In this direct criminal appeal of his 41-month prison sentence for being a felon
in possession of a firearm, Clifford Lee Grayson, Jr. (Grayson) argues (1) the district
court1 incorrectly calculated the Guidelines range by assessing criminal history points
for Grayson’s August 2005 conviction for failing to surrender; (2) the case should be
remanded for resentencing because the court conflated its departure analysis with its
variance analysis; and (3) the presumption of reasonableness this court affords to a
within-Guidelines-range sentence is improper.
1
The Honorable Jimm Larry Hendren, Chief Judge, United States District Court
for the Western District of Arkansas.
We do not need to reach the first issue raised by Grayson, because even
excluding the three criminal-history points assessed for Grayson’s failure-to-surrender
conviction, Grayson had 13 other criminal-history points, all properly assessed. Thus,
Grayson still has a Category VI criminal history and the same Guidelines sentencing
range.2
We further conclude any error the court may have committed in conducting its
departure and variance analysis is harmless because Grayson’s within-Guidelines-
range sentence is presumptively reasonable, see United States v. Miller, 479 F.3d 984,
986-88 (8th Cir. 2007) (holding that a district court’s conflation of departure and
variance analyses was error, but finding it harmless error because the sentence was not
unreasonable), cert. denied, 2008 WL 59433 (U.S. Jan. 7, 2008) (No. 07-5785);
United States v.
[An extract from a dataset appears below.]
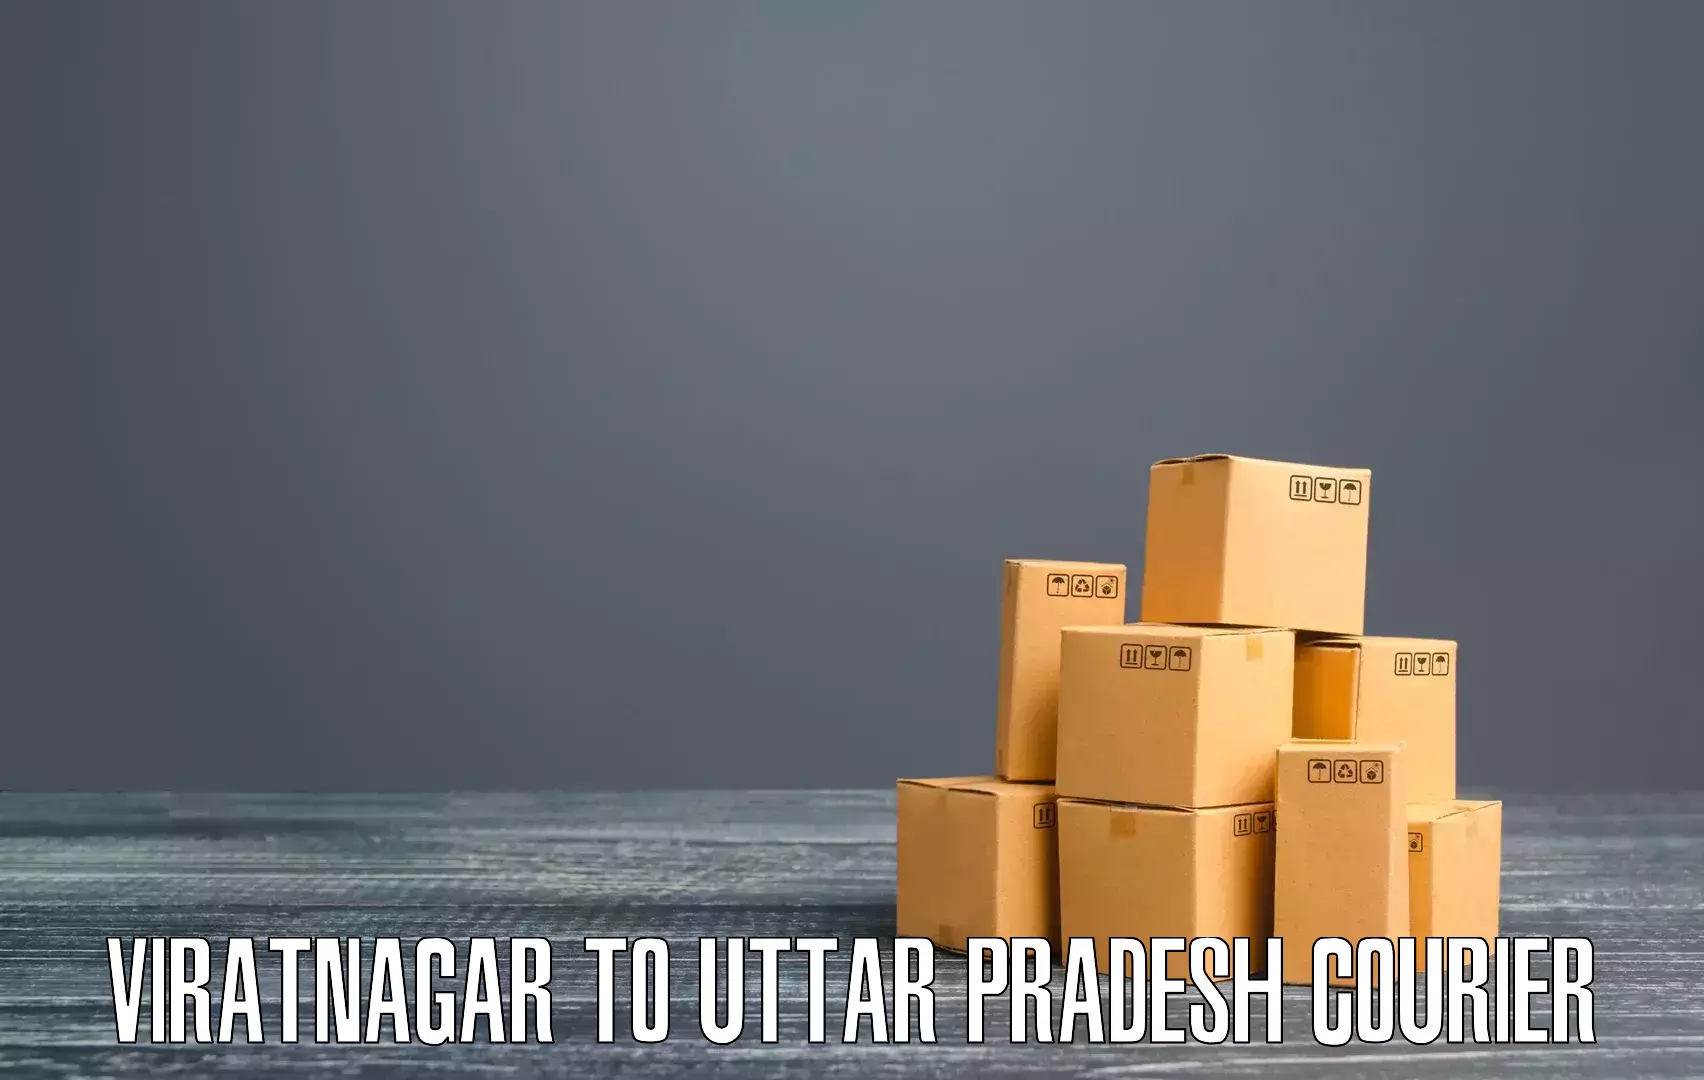 Efficient cargo services Viratnagar to Shahjahanpur

Denton, 434 F.3d 1104, 1113 (8th Cir. 2006) (stating a within-
Guidelines-range sentence is presumptively reasonable), and there is no indication the
court overlooked a relevant factor, gave significant weight to an improper or irrelevant
factor, or misapplied the factors, see United States v. Haack, 403 F.3d 997, 1003-04
(8th Cir. 2005).
Finally, Grayson’s last argument is without merit because the Supreme Court
has approved the appellate presumption of reasonableness this court affords to within-
Guidelines-range sentences. See Rita v. United States, 127 S. Ct. 2456, 2462-68
(2007) (allowing appellate presumption of reasonableness).
We affirm.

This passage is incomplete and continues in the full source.